[Study material]
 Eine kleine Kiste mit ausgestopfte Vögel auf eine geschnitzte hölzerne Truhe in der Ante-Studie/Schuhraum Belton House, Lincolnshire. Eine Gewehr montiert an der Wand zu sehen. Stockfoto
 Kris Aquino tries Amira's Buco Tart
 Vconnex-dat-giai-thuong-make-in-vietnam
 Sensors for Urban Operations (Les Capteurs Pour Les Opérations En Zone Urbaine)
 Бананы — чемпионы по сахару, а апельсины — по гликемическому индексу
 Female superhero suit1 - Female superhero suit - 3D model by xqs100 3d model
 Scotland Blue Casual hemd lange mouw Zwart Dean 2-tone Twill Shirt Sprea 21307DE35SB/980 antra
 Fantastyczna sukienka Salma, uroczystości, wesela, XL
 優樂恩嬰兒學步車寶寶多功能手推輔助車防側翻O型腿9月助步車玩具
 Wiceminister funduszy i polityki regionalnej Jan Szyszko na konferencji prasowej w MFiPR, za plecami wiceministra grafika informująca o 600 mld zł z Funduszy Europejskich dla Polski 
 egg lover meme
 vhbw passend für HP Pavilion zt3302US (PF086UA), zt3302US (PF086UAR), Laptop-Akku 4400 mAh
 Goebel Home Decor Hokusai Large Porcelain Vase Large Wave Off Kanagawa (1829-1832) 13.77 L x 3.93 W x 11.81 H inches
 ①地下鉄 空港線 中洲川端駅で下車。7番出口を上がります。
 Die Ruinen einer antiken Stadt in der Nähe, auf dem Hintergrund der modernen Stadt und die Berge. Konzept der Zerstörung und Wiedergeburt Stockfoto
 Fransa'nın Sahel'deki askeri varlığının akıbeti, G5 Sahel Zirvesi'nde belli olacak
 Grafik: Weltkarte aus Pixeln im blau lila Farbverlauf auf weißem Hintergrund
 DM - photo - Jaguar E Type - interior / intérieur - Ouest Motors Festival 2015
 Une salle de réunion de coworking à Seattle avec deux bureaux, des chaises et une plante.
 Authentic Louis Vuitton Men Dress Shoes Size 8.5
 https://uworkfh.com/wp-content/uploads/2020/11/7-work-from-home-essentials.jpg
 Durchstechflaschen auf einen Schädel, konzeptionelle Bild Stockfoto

[Work to be completed]
Across the data above, how many lines include the word "Hintergrund"? Give only the number.

[Exercise response]
2